Comment 3 Petr Malat 2017-08-11 09:04:34 UTC
After reading the related part of the standard (actually, N1570 draft), I'm not so sure about this. The semantics section in 6.5.6 says pointers have to be from the same object and also the result must fit into the ptrdiff_t, which range is [PTRDIFF_MIN, PTRDIFF_MAX], which has to be equal or larger than [-65535, 65535].

So, theoretically it would be fine to use a shorter type for that, however there is still a problem if the calculation is done as it is now for larger objects as the difference is computed first at bytes and divided later by the object size, so the overflow can still happen even the result fits in [PTRDIFF_MIN, PTRDIFF_MAX].

One could solve it by dividing both pointers by the size before the subtraction, but that would make the operation more expensive.
Comment 4 joseph@codesourcery.com 2017-08-11 12:18:54 UTC
On Fri, 11 Aug 2017, oss at malat dot biz wrote:

> One could solve it by dividing both pointers by the size before the
> subtraction, but that would make the operation more expensive.

See also what I said in bug 67999 comment 24.

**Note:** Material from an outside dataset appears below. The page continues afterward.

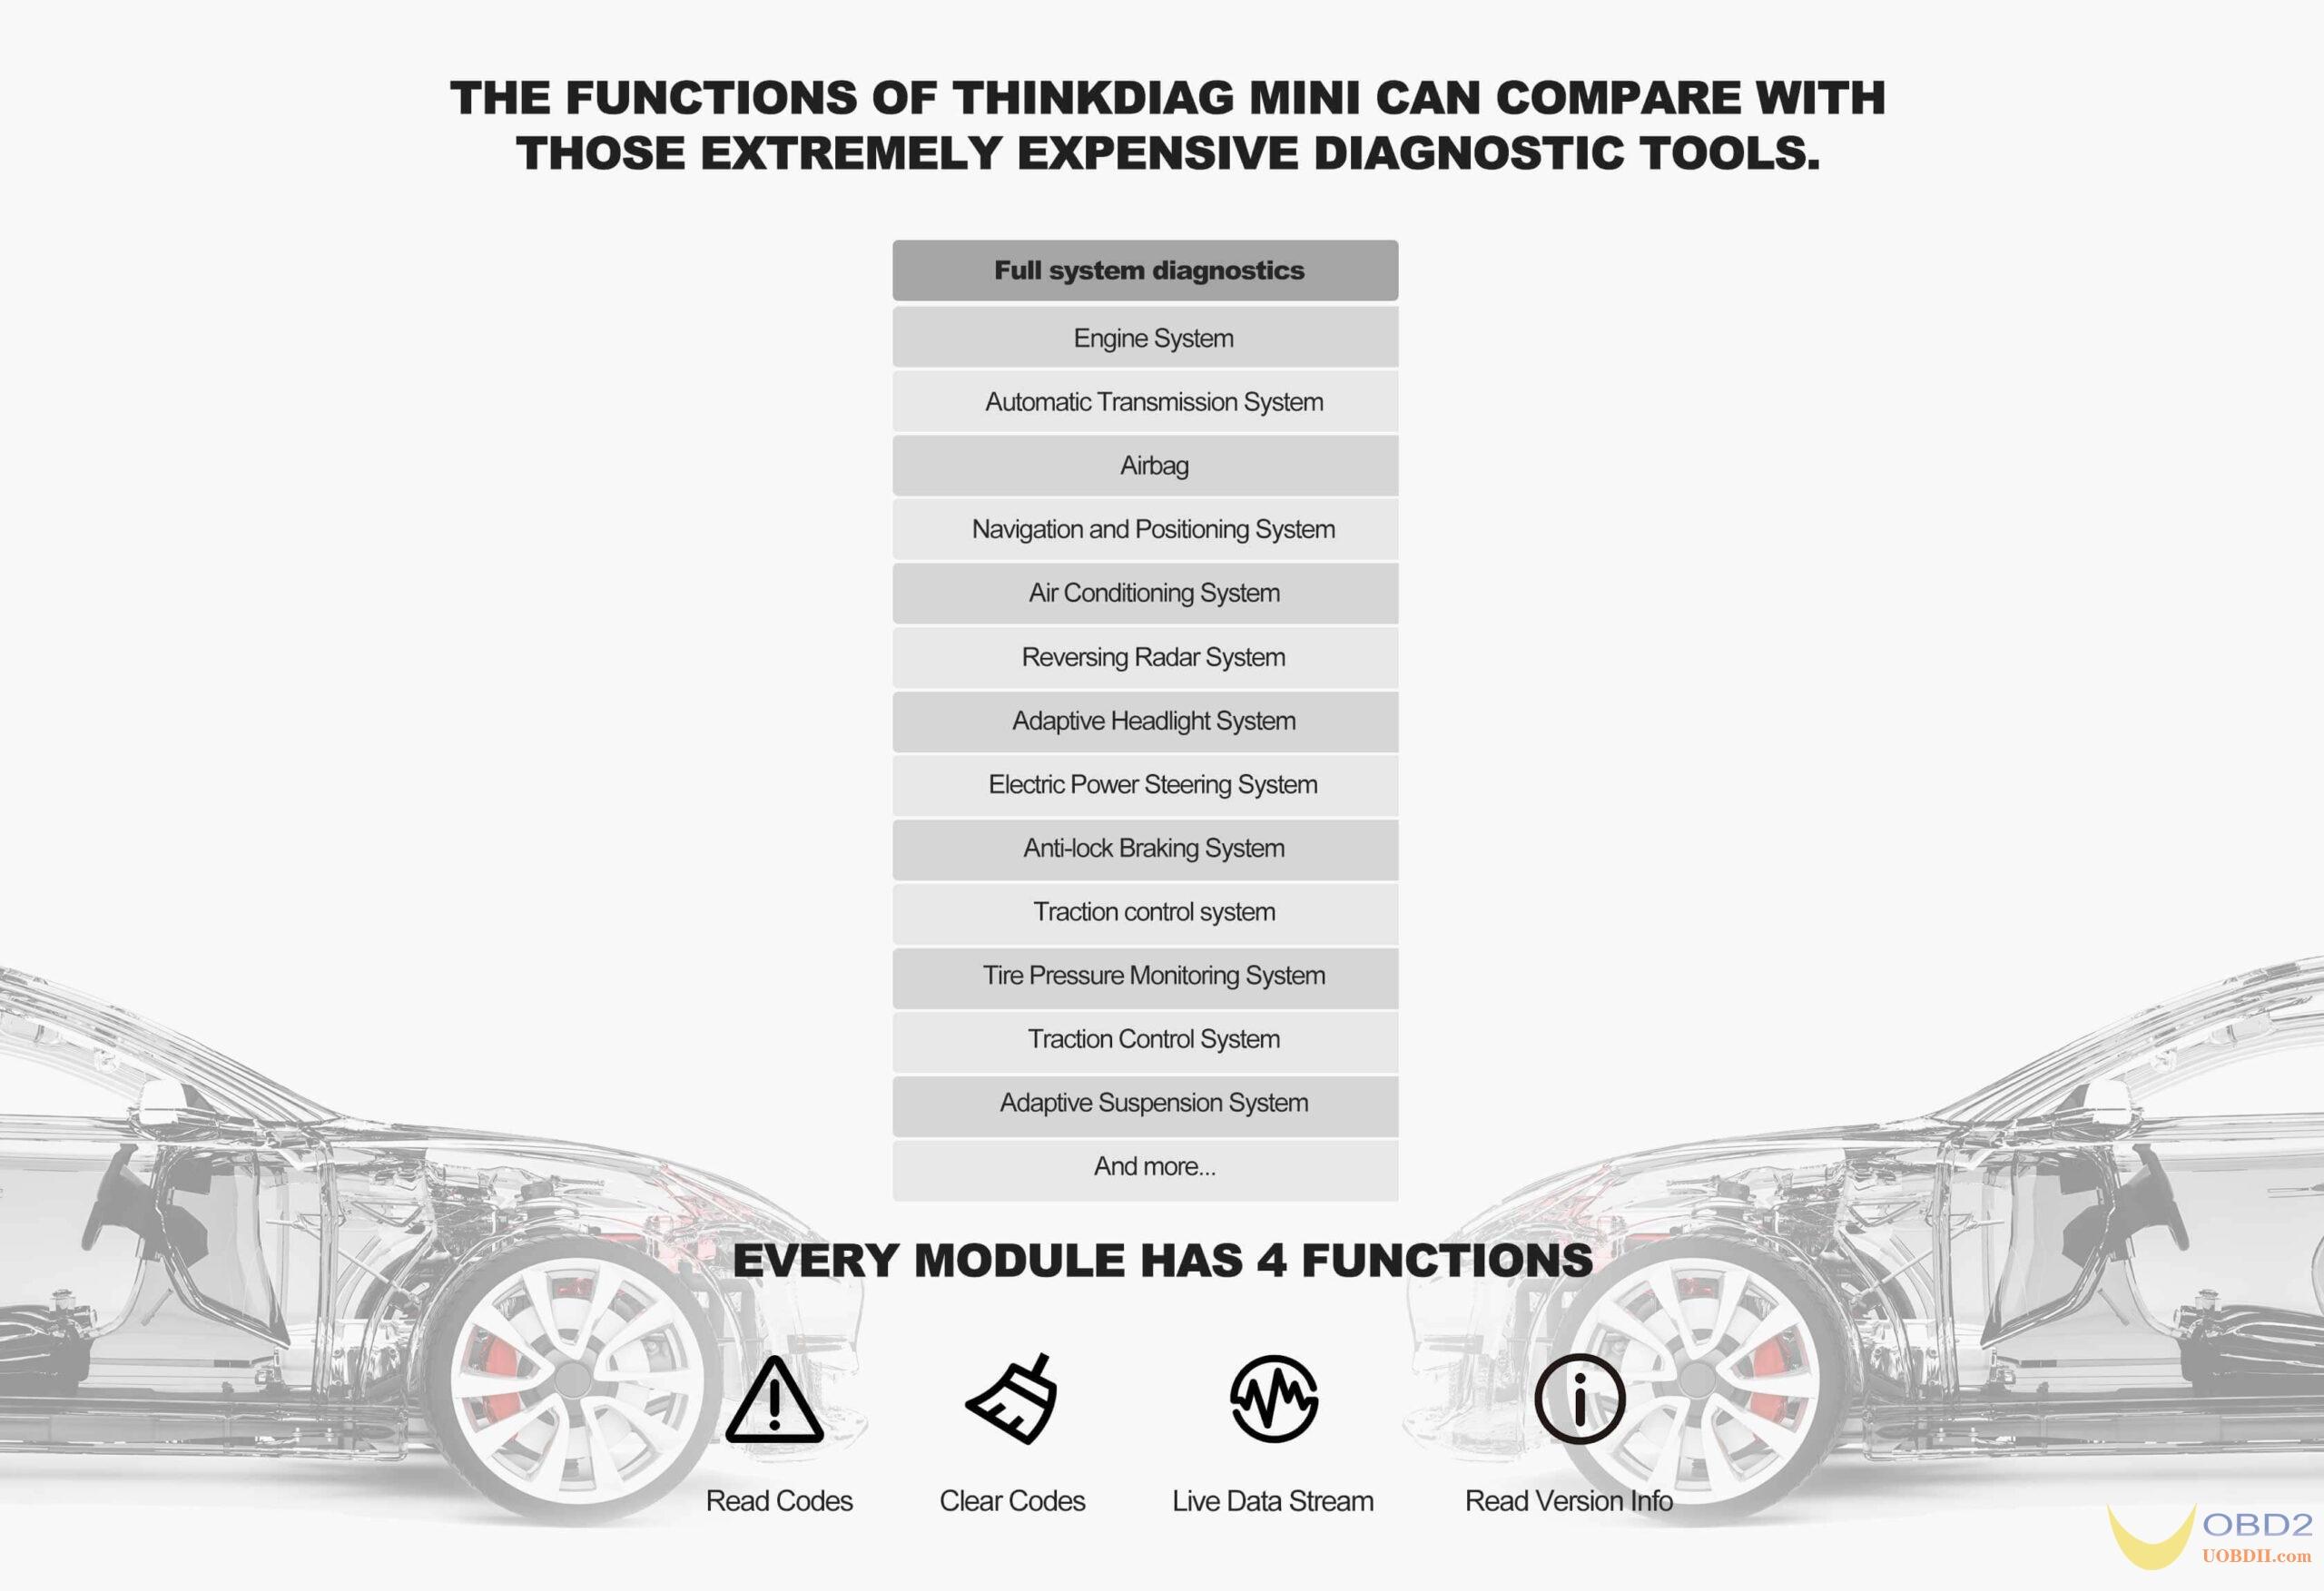 launch-thinkdiag-vs-thinkcar-pro-vs-thinkcar-02

The combination (subtract to produce a ptrdiff_t result, with modulo 
arithmetic on overflow, then divide in ptrdiff_t) isn't correct for 
objects too large in bytes for ptrdiff_t.  But the following should be 
correct: right shift (logical) both pointers for the power-of-2 factor in 
what you are dividing by, subtract (modulo), multiply (modulo) by the (mod 
2^n) reciprocal of the odd part of what you are dividing by, interpret the 
result as signed.

It's less efficient than code sequences that only work for objects less 
than half the address space, and such large objects can never work if you 
do pointer subtraction of pointers to char that are too far apart to be 
represented in ptrdiff_t.  I think it makes most sense to disallow such 
large objects properly (including in malloc and mmap), but an option to 
support pointer subtraction in them would not be ridiculous.